Он встал почти свирепым рывком, заходил по комнате узкими кругами. Подошел ко мне. «Магии» не было, просто двое стояли лицом друг к другу. И все равно было трудно находиться так близко от него. Трудно знать, что больше мне не дозволено его коснуться. Черт возьми, не должно было быть так тяжело! Я же сделала выбор.

– Ты не была моей любовницей, ты даже не была моей подругой. Ты не оборотень. Ты не можешь быть лупой.

– Ты действительно сердишься на меня за то, что я защитила Стивена?

– Ты приказала членам стаи защищать его и того леопарда. Ты пригрозила, что убьешь их, если они ослушаются. У тебя не было на это права.

– Ты дал мне это право, когда сделал меня лупой. – Я подняла руку, чтобы он меня не перебил. – И нравится тебе это или нет, хорошо получилось, что у меня было влияние, которое я смогла бросить на весы. Если бы не оказалась на месте, Стивен мог бы сейчас быть мертв. А Зейн устроил бы в больнице побоище. Ликантропам не нужна лишняя плохая пресса.

– Анита, мы монстры. У монстров хорошей прессы не бывает.

– Ты сам в это не веришь.

– Ты веришь, что мы монстры, Анита. Ты это доказала. Для тебя лучше спать с трупом, чем терпеть мое прикосновение.

– Что ты хочешь от меня услышать, Ричард? Что я сожалею, что не могла с собой справиться? Я сожалею. И мне до сих пор неловко, что я побежала в постель Жан-Клода? Неловко. Что я стала о себе худшего мнения, когда не смогла любить тебя, увидев, как ты съел Маркуса?

– Ты хотела, чтобы я его убил.

– Если бы ты этого не сделал, он бы убил тебя. Так что – да, я хотела, чтобы ты убил Маркуса. Но есть его я тебе не приказывала.

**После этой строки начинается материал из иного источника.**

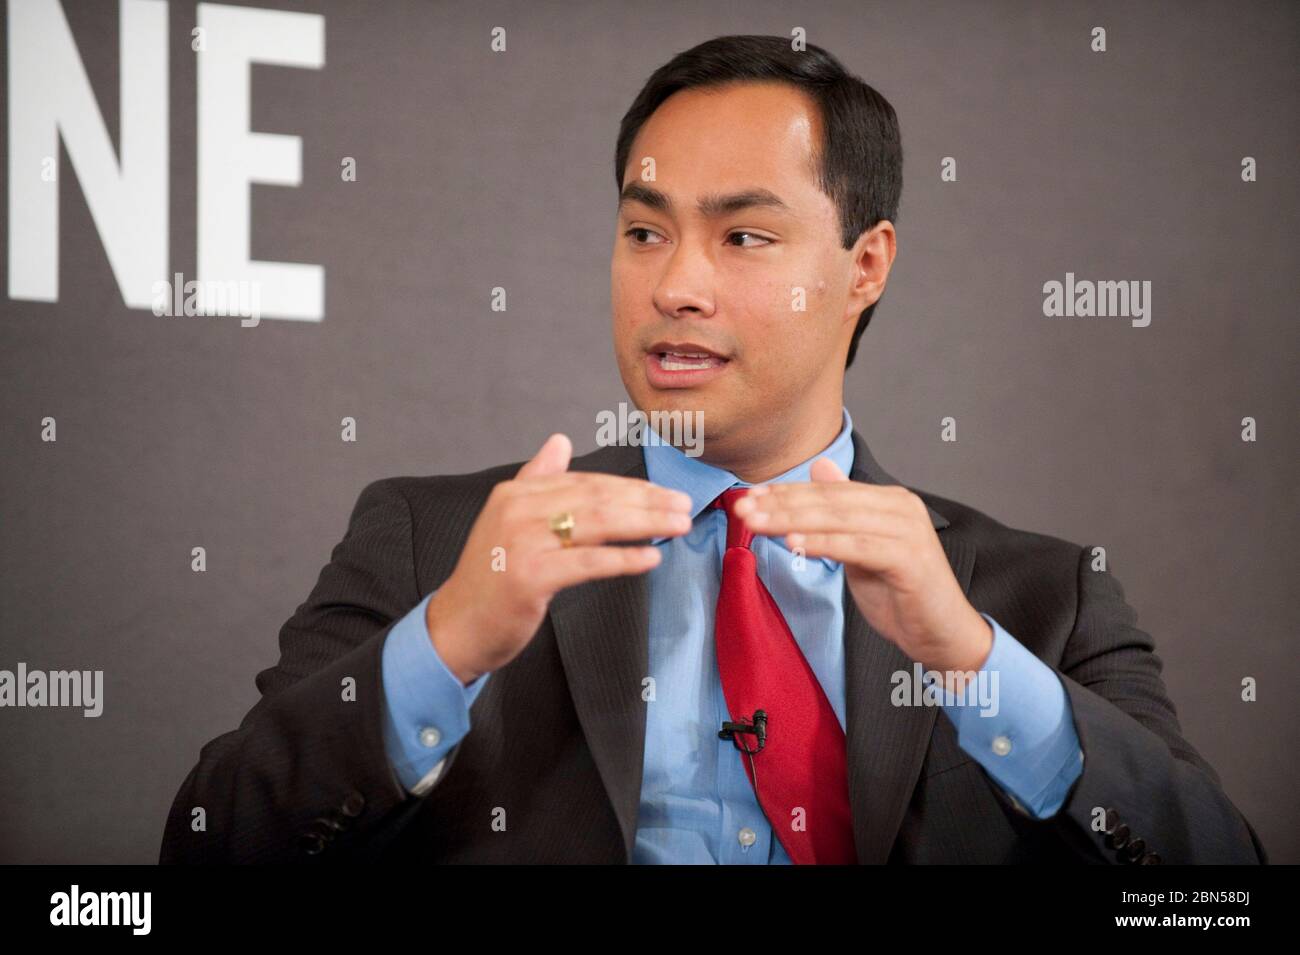 Austin Texas USA, December 1 2011: Hispanic politician Joaquin Castro of San Antonio speaks at a Texas Tribune event. the Stanford and Harvard educated Castro, 37, has announced his intentions to run for United State Senate in 2012. His twin brother, Julian, is the mayor of San Antonio. ©Bob Daemmrich Stock Photo

– Когда член стаи погибает в борьбе за господство, пируют все. Это способ воспринять его энергию. Маркус и Райна не исчезнут совсем, пока жива стая.

– Вы и Райну съели?

– А как ты думаешь, куда девались тела? Ты же не считаешь, что твои друзья из полиции их спрятали?

– Я думал, это устроил Жан-Клод.

– Так и было, но грязную работу сделала стая. Вампиры не интересуются телом, если оно уже остыло. Если нет теплой крови, они его не захотят.

Я чуть не спросила, предпочитает он теплое мясо или холодное, но не спросила. Не хотела слышать ответ. Весь разговор ушел куда-то не туда, куда бы мне хотелось. Я посмотрела на часы:

– Ричард, мне пора.

– Пора выручать своих леопардов?

Я посмотрела прямо ему в глаза:

– Да.

– Потому-то я и здесь. Я и есть твоя подмога.

– Это была идея Жан-Клода?

– Сильвия сказала мне, что Грегори отказался ее мучить. Что бы они ни делали, когда жив был Габриэль, они – ликантропы, а мы помогаем своим, даже если они не ликои.

– А у оборотней-леопардов тоже есть самоназвание? – спросила я.

Ричард кивнул:

– Они называют себя пардами. Вервольфы – ликои, вер-леопарды – парды.

Я протиснулась мимо него, задев плечом его голую руку. От этого прикосновения у меня волосы на теле зашевелились, будто я коснулась чего-то куда более интимного. Но я привыкну. Я сделала выбор, и какое бы ни творилось во мне смятение чувств, выбор определял все. Да, я все еще хочу Ричарда, даже люблю его. Но я выбрала вампира, а сохранить одновременно вампира и вервольфа невозможно.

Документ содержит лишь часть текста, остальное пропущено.